Subramani (Adhitya), a timid and rich Brahmin boy, falls in love with Lakshmi (Poonam), a poor girl. Raja (Chinni Jayanth), a rich drunkard, joins the college. Raja falls for Lakshmi but later withdraws, and he is content to remain her good friend. Subramani begins to suspect the relationship between Raja and Lakshmi. Subramani becomes a drunkard although Raja stops drinking alcohol.

== Production ==
The film's lead actor, Adithya, made his acting debut in the film.

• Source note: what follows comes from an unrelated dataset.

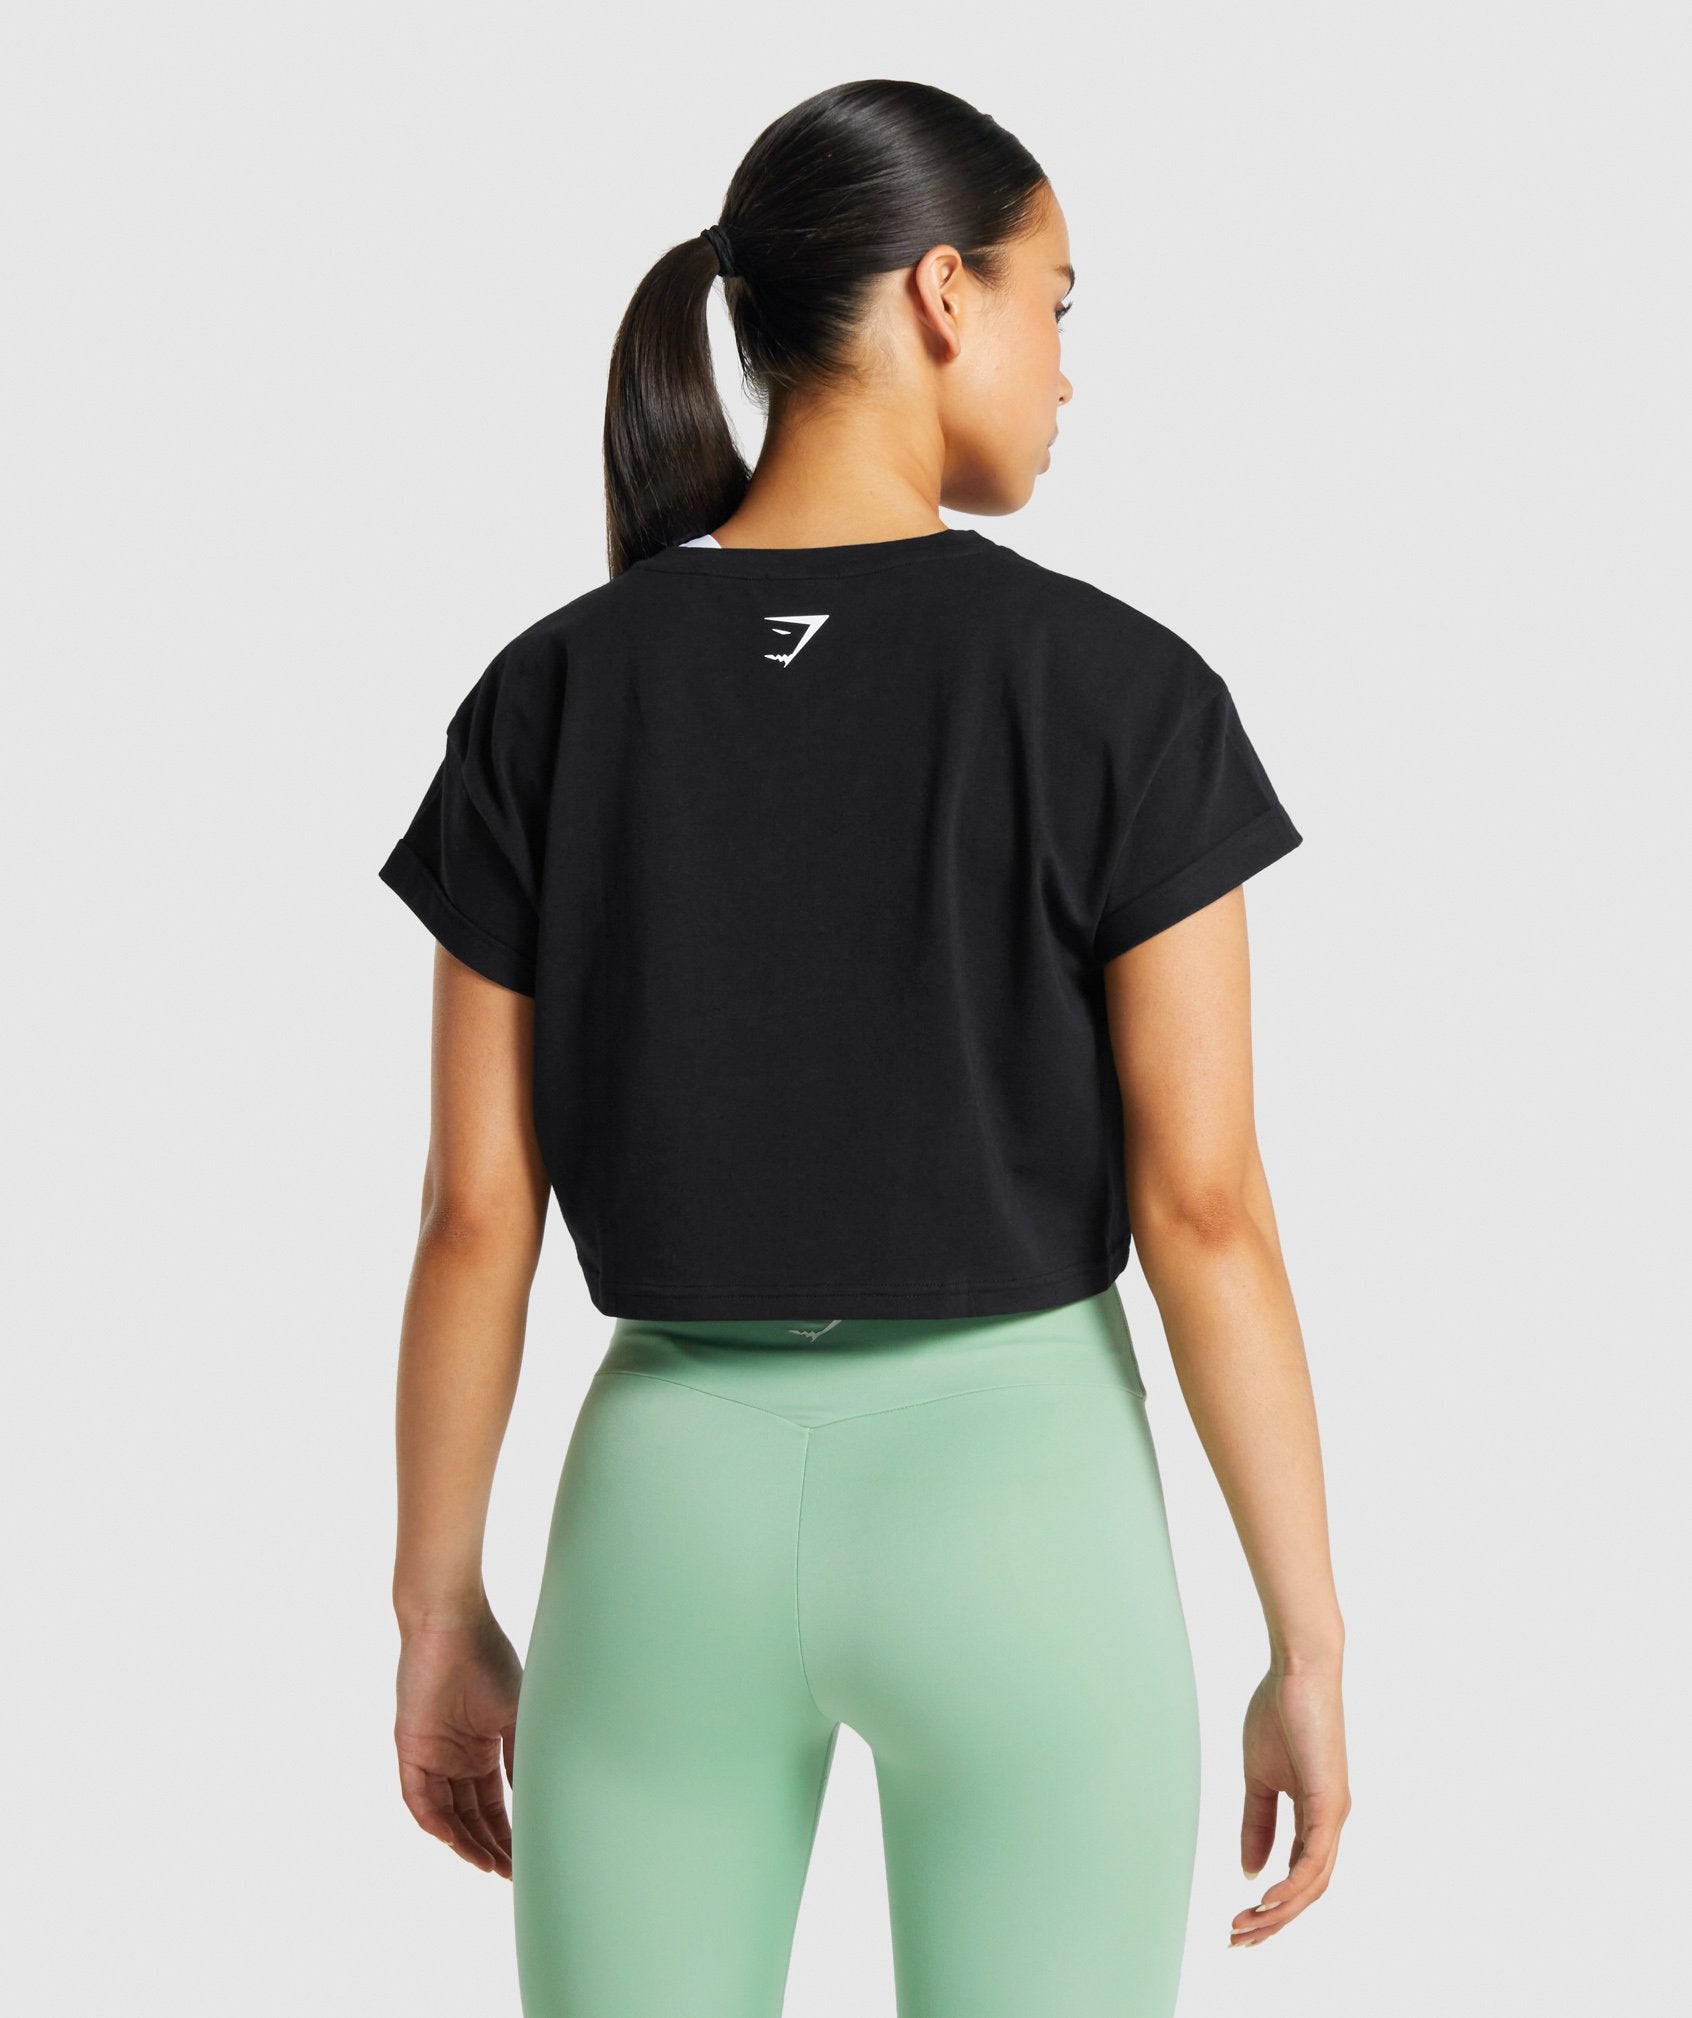 Gymshark - Fraction Crop Top on Designer Wardrobe

Originally from Punjab, Adithya is the nephew of the choreographer, Chopra of Hindi films, and the son of the winner of the Miss India 1972 pageant.

== Soundtrack ==
The soundtrack was composed by Bobby Shankar, with lyrics written by Pulamaipithan and Kavi Varma.

| Song | Singer(s) | Duration |
|---|---|---|
| "Ammaadi Nee Enna" | Unni Menon | 4:48 |
| "Kaadhal Seiya" | Unni Menon, Srinivas | 4:37 |
| "Gopala Site Adichcha" | Dinesh, Sujatha Mohan | 4:17 |
| "Ninaichcha Mudippen" | Dinesh | 4:12 |
| "Penn Pookkalodu" | Srinivas, Dinesh | 4:25 |
| "Vizhiyodu" | Srinivas, Sujatha Mohan | 4:25 |

== Reception ==
Malini Mannath of Chennai Online wrote, "Insipid direction, weakly etched characters and lacklustre narration characterises the film".

== Awards ==
At the 2000 Film Fans Association, Chinni Jayanth won the Commendation award.